Problem statement → Copy out the first line of the listing and every line after it, exactly, until you have copied the line containing "Furniture moving experts".

++++++++++

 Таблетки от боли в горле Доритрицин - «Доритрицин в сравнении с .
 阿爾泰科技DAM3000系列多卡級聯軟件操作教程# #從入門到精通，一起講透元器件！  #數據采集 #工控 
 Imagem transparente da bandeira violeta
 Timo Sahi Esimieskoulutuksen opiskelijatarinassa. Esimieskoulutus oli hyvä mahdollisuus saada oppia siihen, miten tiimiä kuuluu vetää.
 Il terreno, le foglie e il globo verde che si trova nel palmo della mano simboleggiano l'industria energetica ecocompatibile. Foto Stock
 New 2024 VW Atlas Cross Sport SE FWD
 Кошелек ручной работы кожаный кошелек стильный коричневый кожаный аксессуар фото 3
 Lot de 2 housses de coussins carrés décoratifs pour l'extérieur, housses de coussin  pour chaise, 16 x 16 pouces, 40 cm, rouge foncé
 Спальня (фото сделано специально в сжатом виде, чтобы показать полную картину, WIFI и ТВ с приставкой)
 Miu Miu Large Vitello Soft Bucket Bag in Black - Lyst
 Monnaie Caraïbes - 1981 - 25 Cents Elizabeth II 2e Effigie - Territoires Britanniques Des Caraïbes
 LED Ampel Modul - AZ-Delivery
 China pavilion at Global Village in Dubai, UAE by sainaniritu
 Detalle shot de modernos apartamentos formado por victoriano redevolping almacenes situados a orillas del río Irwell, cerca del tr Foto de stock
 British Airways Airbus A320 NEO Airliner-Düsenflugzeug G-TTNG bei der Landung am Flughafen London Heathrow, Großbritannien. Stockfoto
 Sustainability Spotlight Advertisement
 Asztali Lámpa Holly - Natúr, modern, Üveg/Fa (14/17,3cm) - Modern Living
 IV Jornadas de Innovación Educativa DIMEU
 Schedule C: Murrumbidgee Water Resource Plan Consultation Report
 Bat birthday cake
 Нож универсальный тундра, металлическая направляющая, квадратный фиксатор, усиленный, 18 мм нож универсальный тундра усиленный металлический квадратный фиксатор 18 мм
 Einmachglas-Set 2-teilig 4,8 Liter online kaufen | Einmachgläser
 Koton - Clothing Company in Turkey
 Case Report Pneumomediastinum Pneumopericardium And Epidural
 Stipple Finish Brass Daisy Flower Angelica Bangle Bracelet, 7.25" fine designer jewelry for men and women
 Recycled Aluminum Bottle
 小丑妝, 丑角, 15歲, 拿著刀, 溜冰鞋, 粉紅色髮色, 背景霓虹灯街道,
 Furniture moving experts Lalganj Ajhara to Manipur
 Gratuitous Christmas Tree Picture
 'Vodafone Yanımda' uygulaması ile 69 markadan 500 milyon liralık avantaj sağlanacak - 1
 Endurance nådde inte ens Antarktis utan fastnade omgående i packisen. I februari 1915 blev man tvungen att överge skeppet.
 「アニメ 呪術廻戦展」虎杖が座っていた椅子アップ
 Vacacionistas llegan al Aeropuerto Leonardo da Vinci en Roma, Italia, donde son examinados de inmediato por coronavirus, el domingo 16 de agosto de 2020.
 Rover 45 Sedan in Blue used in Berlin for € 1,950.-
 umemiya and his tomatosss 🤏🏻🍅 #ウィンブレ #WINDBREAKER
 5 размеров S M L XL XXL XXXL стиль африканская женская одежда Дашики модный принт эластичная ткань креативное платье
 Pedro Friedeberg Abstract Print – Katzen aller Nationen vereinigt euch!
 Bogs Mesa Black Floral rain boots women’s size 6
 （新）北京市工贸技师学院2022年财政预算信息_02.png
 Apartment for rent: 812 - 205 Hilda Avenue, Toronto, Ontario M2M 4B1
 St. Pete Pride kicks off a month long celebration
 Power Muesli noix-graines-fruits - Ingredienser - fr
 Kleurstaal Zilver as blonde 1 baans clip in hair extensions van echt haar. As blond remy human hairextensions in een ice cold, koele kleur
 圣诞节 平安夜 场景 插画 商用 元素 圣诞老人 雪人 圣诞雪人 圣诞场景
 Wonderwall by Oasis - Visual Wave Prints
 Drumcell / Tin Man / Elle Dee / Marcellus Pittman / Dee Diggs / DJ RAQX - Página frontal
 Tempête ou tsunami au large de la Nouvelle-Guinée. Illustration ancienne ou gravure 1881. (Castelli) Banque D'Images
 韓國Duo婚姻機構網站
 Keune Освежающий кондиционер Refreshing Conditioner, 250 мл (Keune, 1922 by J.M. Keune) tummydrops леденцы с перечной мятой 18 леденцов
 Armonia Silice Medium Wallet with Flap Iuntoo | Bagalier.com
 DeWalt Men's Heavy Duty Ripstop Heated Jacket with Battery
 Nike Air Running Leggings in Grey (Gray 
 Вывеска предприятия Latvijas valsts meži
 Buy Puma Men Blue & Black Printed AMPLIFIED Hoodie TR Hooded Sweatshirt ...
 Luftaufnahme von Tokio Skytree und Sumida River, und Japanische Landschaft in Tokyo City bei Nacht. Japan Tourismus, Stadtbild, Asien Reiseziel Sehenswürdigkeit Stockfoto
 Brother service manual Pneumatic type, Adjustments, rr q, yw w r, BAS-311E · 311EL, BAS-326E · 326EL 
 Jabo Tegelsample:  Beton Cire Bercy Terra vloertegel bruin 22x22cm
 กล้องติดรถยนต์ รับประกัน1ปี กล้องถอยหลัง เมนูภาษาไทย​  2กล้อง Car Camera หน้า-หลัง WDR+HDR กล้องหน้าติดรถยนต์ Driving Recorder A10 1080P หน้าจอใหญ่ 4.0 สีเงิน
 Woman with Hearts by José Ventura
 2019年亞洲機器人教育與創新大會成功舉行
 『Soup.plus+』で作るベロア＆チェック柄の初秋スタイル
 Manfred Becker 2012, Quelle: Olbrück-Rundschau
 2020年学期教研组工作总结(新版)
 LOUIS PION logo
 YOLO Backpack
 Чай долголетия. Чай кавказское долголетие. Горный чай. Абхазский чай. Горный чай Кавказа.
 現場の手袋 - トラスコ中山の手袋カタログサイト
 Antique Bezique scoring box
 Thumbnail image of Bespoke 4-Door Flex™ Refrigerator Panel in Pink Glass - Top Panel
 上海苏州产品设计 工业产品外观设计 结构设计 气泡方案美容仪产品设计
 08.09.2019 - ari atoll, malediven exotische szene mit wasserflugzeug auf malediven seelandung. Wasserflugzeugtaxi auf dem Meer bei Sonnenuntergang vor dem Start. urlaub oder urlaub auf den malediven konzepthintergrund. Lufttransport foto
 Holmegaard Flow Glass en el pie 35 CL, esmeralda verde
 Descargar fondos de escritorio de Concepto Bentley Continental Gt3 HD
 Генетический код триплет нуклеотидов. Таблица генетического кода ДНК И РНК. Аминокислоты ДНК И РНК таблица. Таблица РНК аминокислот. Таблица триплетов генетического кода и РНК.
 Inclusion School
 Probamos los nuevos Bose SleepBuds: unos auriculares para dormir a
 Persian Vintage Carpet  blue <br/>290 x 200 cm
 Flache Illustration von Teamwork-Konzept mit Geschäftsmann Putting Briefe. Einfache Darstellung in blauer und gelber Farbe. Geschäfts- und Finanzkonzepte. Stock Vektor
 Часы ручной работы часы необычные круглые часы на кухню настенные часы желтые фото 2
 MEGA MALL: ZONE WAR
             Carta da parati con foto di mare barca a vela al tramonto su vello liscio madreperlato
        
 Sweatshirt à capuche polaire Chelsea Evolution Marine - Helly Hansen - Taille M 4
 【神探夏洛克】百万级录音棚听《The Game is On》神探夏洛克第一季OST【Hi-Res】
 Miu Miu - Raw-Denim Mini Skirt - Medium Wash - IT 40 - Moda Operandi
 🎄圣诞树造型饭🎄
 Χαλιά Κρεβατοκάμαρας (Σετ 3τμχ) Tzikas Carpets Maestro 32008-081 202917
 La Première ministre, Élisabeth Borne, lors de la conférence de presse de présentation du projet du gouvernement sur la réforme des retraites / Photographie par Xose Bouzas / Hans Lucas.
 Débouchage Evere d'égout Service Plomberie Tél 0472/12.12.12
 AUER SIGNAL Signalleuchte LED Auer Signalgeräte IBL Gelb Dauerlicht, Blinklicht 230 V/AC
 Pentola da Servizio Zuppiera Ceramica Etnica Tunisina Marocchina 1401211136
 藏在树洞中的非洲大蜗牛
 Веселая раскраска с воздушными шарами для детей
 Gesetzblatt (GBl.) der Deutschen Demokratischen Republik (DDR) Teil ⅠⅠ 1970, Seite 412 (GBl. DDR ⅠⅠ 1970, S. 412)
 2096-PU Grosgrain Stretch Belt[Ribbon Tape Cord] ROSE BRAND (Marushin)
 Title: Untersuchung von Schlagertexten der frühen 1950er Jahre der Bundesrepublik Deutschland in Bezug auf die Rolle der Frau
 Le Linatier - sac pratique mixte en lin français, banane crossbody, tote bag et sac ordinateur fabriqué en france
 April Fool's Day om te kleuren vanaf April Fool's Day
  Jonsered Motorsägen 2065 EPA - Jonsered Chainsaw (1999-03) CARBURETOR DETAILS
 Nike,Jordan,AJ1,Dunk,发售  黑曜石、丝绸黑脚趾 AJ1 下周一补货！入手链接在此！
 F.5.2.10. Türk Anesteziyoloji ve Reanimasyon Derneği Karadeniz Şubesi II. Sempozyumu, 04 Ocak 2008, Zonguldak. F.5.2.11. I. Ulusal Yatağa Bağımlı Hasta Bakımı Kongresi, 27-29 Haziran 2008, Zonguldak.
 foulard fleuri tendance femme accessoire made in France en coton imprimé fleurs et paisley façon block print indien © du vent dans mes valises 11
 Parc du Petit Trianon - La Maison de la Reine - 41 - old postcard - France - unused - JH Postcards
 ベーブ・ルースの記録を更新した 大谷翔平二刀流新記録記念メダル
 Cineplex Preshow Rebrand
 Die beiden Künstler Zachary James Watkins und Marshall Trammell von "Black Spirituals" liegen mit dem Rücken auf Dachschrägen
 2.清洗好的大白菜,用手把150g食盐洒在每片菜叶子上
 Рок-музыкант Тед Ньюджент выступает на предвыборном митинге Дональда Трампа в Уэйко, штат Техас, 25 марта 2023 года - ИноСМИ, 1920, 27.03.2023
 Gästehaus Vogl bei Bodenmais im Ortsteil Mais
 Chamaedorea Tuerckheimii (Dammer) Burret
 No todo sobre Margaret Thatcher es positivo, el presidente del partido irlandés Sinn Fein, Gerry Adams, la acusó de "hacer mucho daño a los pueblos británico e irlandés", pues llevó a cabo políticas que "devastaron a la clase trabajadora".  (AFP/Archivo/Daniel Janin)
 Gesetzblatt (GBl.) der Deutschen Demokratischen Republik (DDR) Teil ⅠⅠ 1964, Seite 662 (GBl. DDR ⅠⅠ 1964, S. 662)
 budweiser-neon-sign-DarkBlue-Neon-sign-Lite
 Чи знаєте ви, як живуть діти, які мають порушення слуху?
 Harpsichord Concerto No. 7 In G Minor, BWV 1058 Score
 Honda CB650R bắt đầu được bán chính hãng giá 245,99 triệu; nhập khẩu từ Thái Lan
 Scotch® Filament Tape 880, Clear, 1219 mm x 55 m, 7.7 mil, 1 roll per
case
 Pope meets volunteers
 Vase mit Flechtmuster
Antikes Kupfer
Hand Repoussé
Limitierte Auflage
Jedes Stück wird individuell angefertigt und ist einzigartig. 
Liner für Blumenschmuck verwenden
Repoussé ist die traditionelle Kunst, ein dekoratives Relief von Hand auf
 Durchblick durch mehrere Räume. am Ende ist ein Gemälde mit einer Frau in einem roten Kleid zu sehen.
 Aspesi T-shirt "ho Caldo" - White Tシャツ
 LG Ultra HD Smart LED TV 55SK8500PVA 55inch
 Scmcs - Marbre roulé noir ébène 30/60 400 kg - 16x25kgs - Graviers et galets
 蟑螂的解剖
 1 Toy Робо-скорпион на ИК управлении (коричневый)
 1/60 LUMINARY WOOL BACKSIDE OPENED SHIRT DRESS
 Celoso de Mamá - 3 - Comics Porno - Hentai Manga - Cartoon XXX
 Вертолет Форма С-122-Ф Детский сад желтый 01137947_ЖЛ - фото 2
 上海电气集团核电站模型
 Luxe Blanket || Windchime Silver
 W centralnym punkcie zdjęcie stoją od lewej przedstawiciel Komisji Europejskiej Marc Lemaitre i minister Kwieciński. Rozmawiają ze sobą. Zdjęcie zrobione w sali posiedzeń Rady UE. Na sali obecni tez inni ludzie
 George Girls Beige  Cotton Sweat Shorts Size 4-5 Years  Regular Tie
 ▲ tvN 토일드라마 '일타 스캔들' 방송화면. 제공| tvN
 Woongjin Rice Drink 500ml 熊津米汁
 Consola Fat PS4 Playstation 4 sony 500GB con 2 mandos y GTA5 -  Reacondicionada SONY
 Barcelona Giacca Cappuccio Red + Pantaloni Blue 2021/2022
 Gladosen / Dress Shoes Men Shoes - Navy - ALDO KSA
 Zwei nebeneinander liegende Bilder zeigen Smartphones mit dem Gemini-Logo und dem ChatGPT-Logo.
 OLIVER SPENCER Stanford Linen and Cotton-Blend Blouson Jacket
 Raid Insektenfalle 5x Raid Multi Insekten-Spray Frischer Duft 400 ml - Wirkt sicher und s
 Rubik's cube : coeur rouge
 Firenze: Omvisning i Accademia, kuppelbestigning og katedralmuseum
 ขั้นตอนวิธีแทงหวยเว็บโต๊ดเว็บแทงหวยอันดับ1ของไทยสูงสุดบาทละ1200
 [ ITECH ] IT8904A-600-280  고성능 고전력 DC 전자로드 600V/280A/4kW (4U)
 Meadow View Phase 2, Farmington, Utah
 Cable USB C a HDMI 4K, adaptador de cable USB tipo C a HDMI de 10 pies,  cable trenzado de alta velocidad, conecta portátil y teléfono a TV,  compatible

++++++++++

Response area →
 Таблетки от боли в горле Доритрицин - «Доритрицин в сравнении с .
 阿爾泰科技DAM3000系列多卡級聯軟件操作教程# #從入門到精通，一起講透元器件！  #數據采集 #工控 
 Imagem transparente da bandeira violeta
 Timo Sahi Esimieskoulutuksen opiskelijatarinassa. Esimieskoulutus oli hyvä mahdollisuus saada oppia siihen, miten tiimiä kuuluu vetää.
 Il terreno, le foglie e il globo verde che si trova nel palmo della mano simboleggiano l'industria energetica ecocompatibile. Foto Stock
 New 2024 VW Atlas Cross Sport SE FWD
 Кошелек ручной работы кожаный кошелек стильный коричневый кожаный аксессуар фото 3
 Lot de 2 housses de coussins carrés décoratifs pour l'extérieur, housses de coussin  pour chaise, 16 x 16 pouces, 40 cm, rouge foncé
 Спальня (фото сделано специально в сжатом виде, чтобы показать полную картину, WIFI и ТВ с приставкой)
 Miu Miu Large Vitello Soft Bucket Bag in Black - Lyst
 Monnaie Caraïbes - 1981 - 25 Cents Elizabeth II 2e Effigie - Territoires Britanniques Des Caraïbes
 LED Ampel Modul - AZ-Delivery
 China pavilion at Global Village in Dubai, UAE by sainaniritu
 Detalle shot de modernos apartamentos formado por victoriano redevolping almacenes situados a orillas del río Irwell, cerca del tr Foto de stock
 British Airways Airbus A320 NEO Airliner-Düsenflugzeug G-TTNG bei der Landung am Flughafen London Heathrow, Großbritannien. Stockfoto
 Sustainability Spotlight Advertisement
 Asztali Lámpa Holly - Natúr, modern, Üveg/Fa (14/17,3cm) - Modern Living
 IV Jornadas de Innovación Educativa DIMEU
 Schedule C: Murrumbidgee Water Resource Plan Consultation Report
 Bat birthday cake
 Нож универсальный тундра, металлическая направляющая, квадратный фиксатор, усиленный, 18 мм нож универсальный тундра усиленный металлический квадратный фиксатор 18 мм
 Einmachglas-Set 2-teilig 4,8 Liter online kaufen | Einmachgläser
 Koton - Clothing Company in Turkey
 Case Report Pneumomediastinum Pneumopericardium And Epidural
 Stipple Finish Brass Daisy Flower Angelica Bangle Bracelet, 7.25" fine designer jewelry for men and women
 Recycled Aluminum Bottle
 小丑妝, 丑角, 15歲, 拿著刀, 溜冰鞋, 粉紅色髮色, 背景霓虹灯街道,
 Furniture moving experts Lalganj Ajhara to Manipur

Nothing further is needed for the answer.